Elizabeth Gilbert‘s heart-wrenching soul searching in the international best seller, Eat, Pray, Love took her to three countries, India, Italy and finally Indonesia (Bali). Of the three, eat was definitely the gorgeous food of Italy and we get a glimpse at Gilbert’s love for food. The love runs in the family.
At Home on the Range is a recipe book that is so personal it’s almost biographical. While moving into a new house, Elizabeth Gilbert unpacked some boxes of family books that had been sitting in her mother’s attic for decades. Among the old, dusty hardbacks was a book called At Home on the Range (or, How To Make Friends with Your Stove) by Gilbert’s great-grandmother, Margaret Yardley Potter (nickname Gina). Having only been peripherally aware of the volume, Gilbert dug in with some curiosity and soon found that she had stumbled upon a book far ahead of its time.
“Of course, I’d seen the book on family bookshelves, and had certainly heard the name Gima mentioned with love and longing, but I’d never actually opened the volume. I’m not sure why. Maybe I was busy. Maybe I was prejudiced, didn’t expect much from the writing… Or maybe I am just a fool, willing to travel the world in pursuit of magic and exoticism while ignoring more intimate marvels right here at home” Elizabeth Gilbert’s foreword.

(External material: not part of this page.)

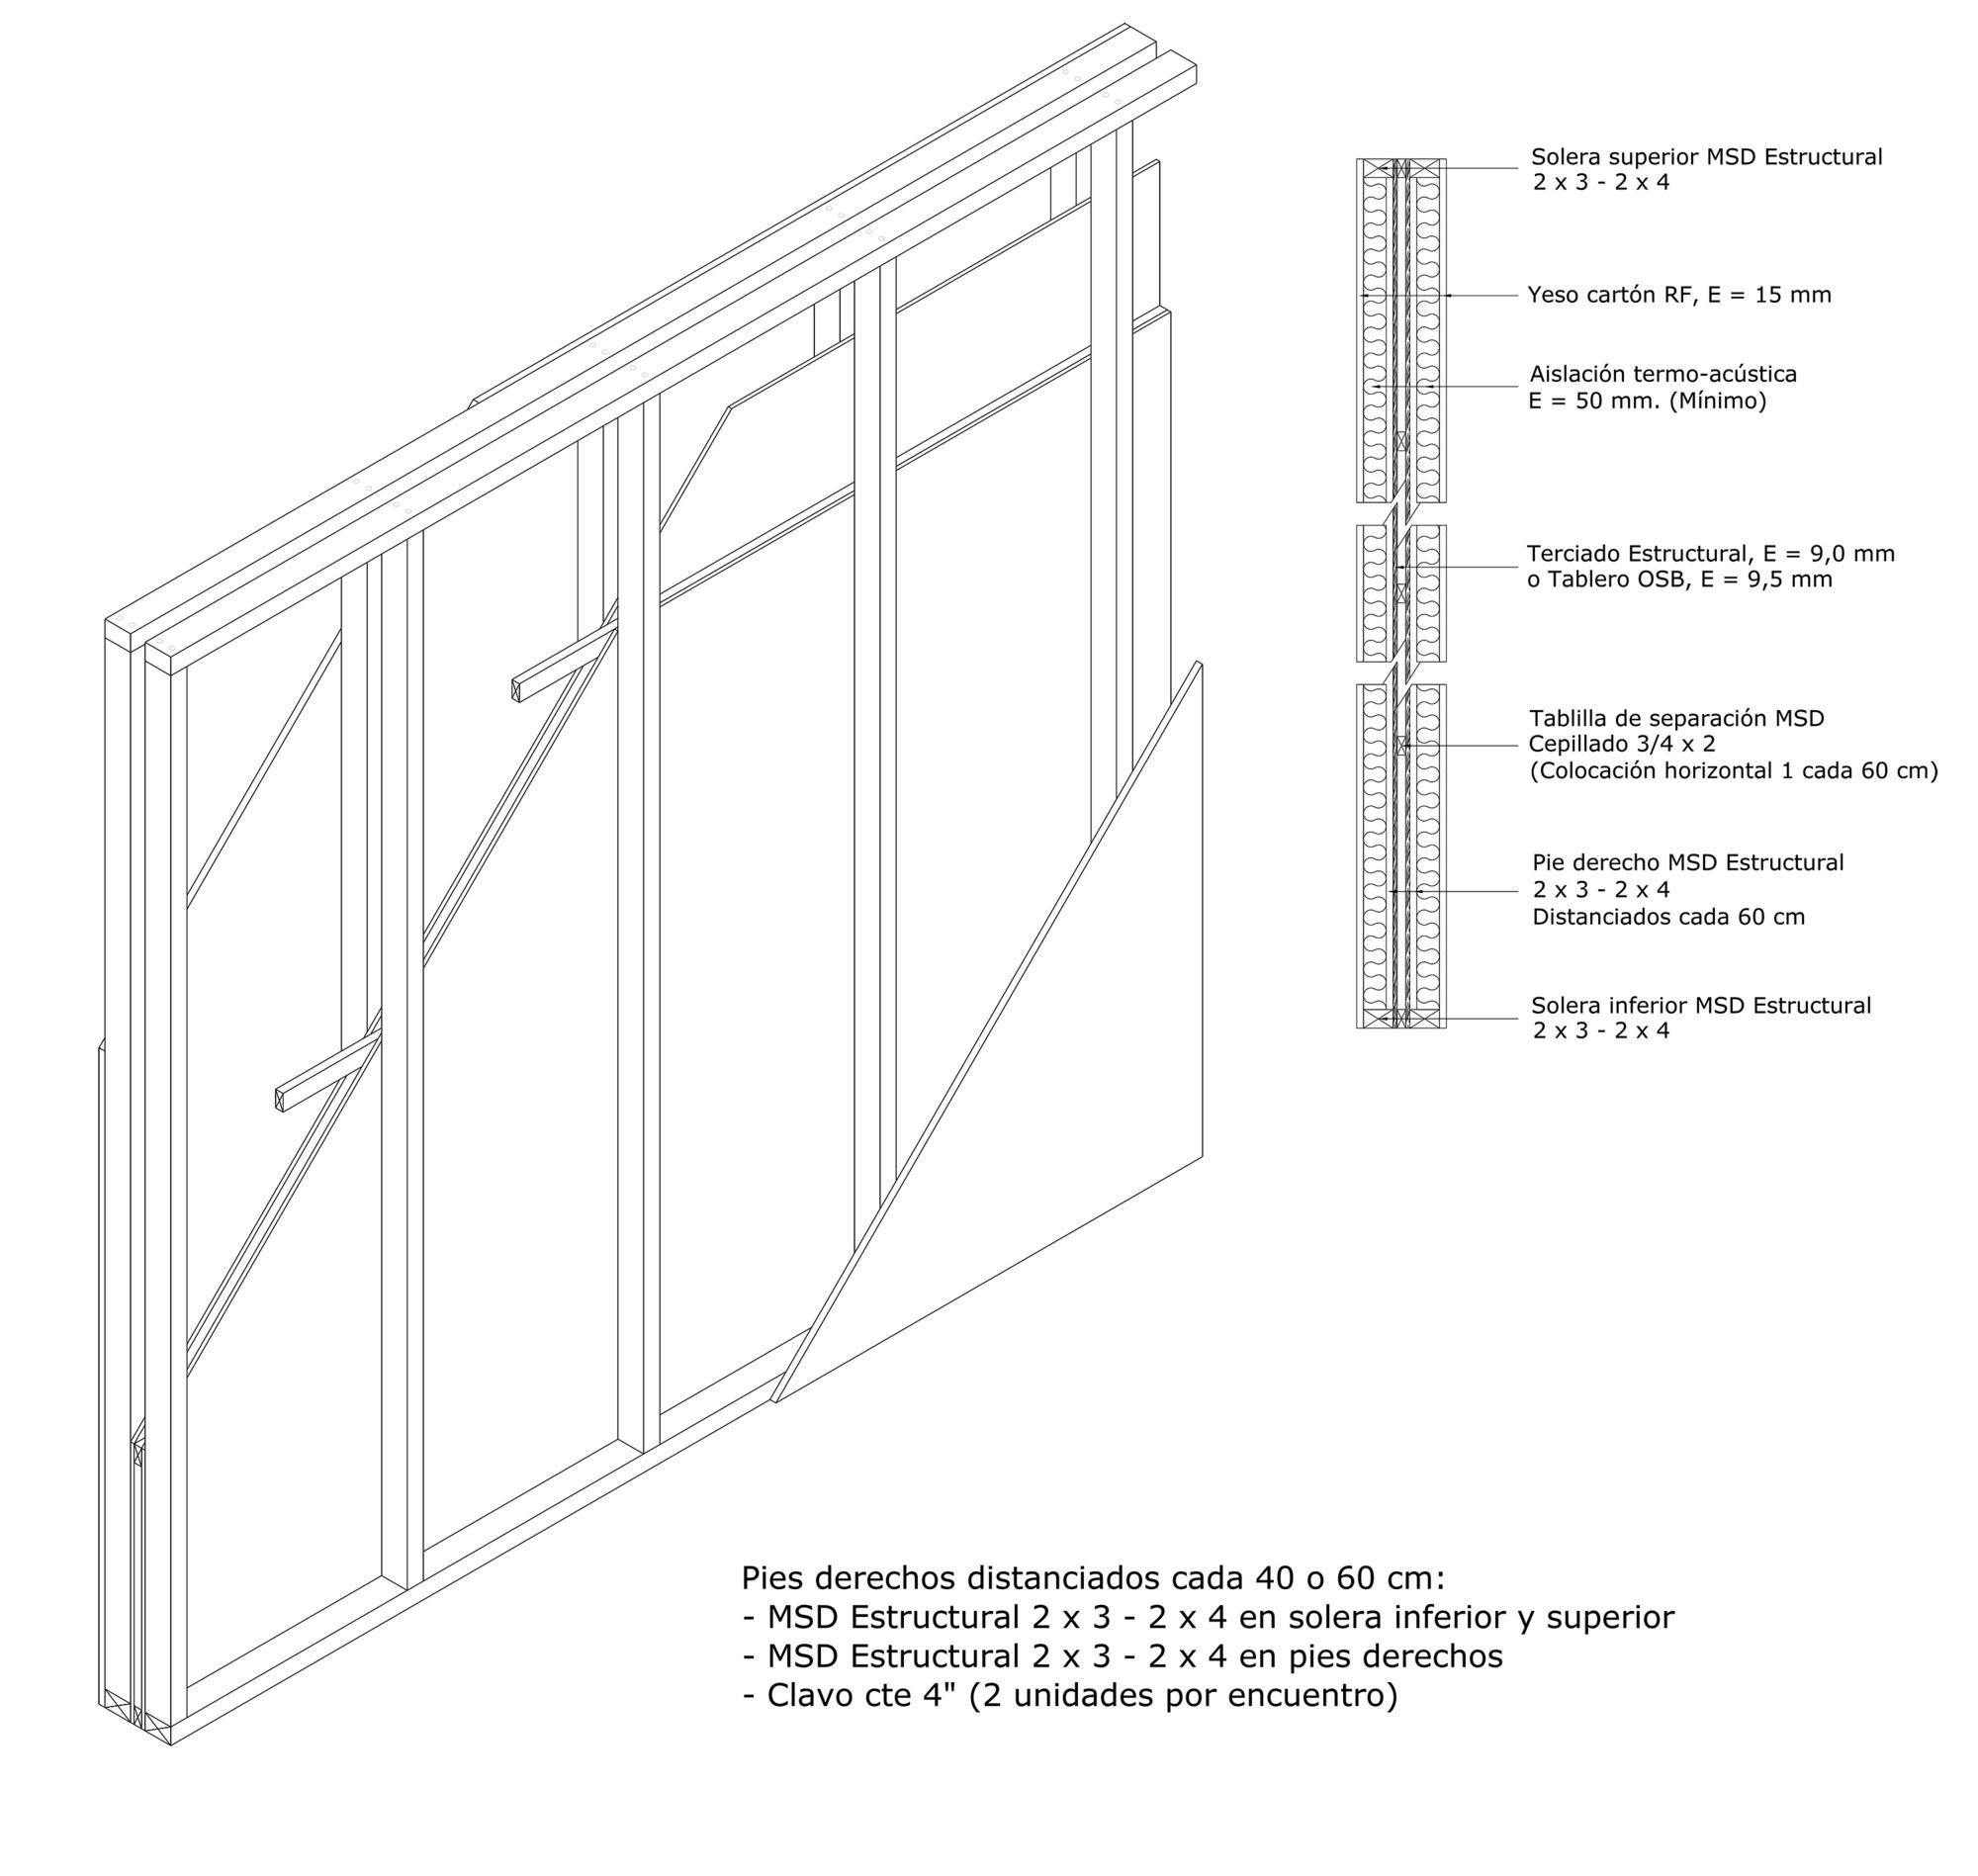 Galería de Materiales: Detalles Constructivos en Madera - 21 | Arch ...

The book was ahead of its time. In her workaday cookbook, Potter espoused the importance of farmer’s markets and ethnic food (Italian, Jewish, and German), derided preservatives and culinary shortcuts, and generally celebrated a devotion to seeking out new epicurean adventures. Potter takes car trips out to Pennsylvania Dutch country to eat pickled pork products, and during World War II she cajoles local poultry farmers into saving buckets of coxcombs for her so she can try to cook them in the French manner. She takes trips to the eastern shore of Maryland, where she learns to catch and prepare eels so delicious, she says, they must be ‘devoured in a silence almost devout’. Part scholar-she includes a great recipe from 1848 for boiled sheep head-and part crusader for a more open food conversation than currently existed, it’s not hard to see from where Elizabeth Gilbert inherited both her love of food and her warm, infectious prose.
With the foreword from Elizabeth Gilbert, Margaret’s great-granddaughter, this unearthed treasure is both a beautifully written, useful cookbook and an insight into a lifestyle previously forgotten.
At Home on the Range contains over 200 recipes from fruit cake, clam chowder through to nut bread and creme brulee. It’s written in a diary style which is both engaging and entertaining.
All of the proceeds from the book go to ScholarMatch, a non-profit organisation that increases college access for low income students.
About the author: Elizabeth Gilbert is the author of three books of non-fiction, the multi-million-copy-selling Eat, Pray, Love (now a major motion picture) and its follow-up, Committed, as well as The Last American Man (nominated for the National Book Award and a New York Times Notable Book for 2002). Elizabeth Gilbert lives in Frenchtown, New Jersey.
At Home on the Range by Margaret Yardley Potter and presented by Elizabeth Gilbert is published by Bloomsbury and distributed in Australia by Allen & Unwin.
This review copy was provided to noodlies, Sydney food blog courtesy of Bloomsbury Australia & New Zealand.
I didn’t know this was coming. Sounds different but interesting. Thanks for the review.
Yeah, it’s an interesting look into life and cooking in the past.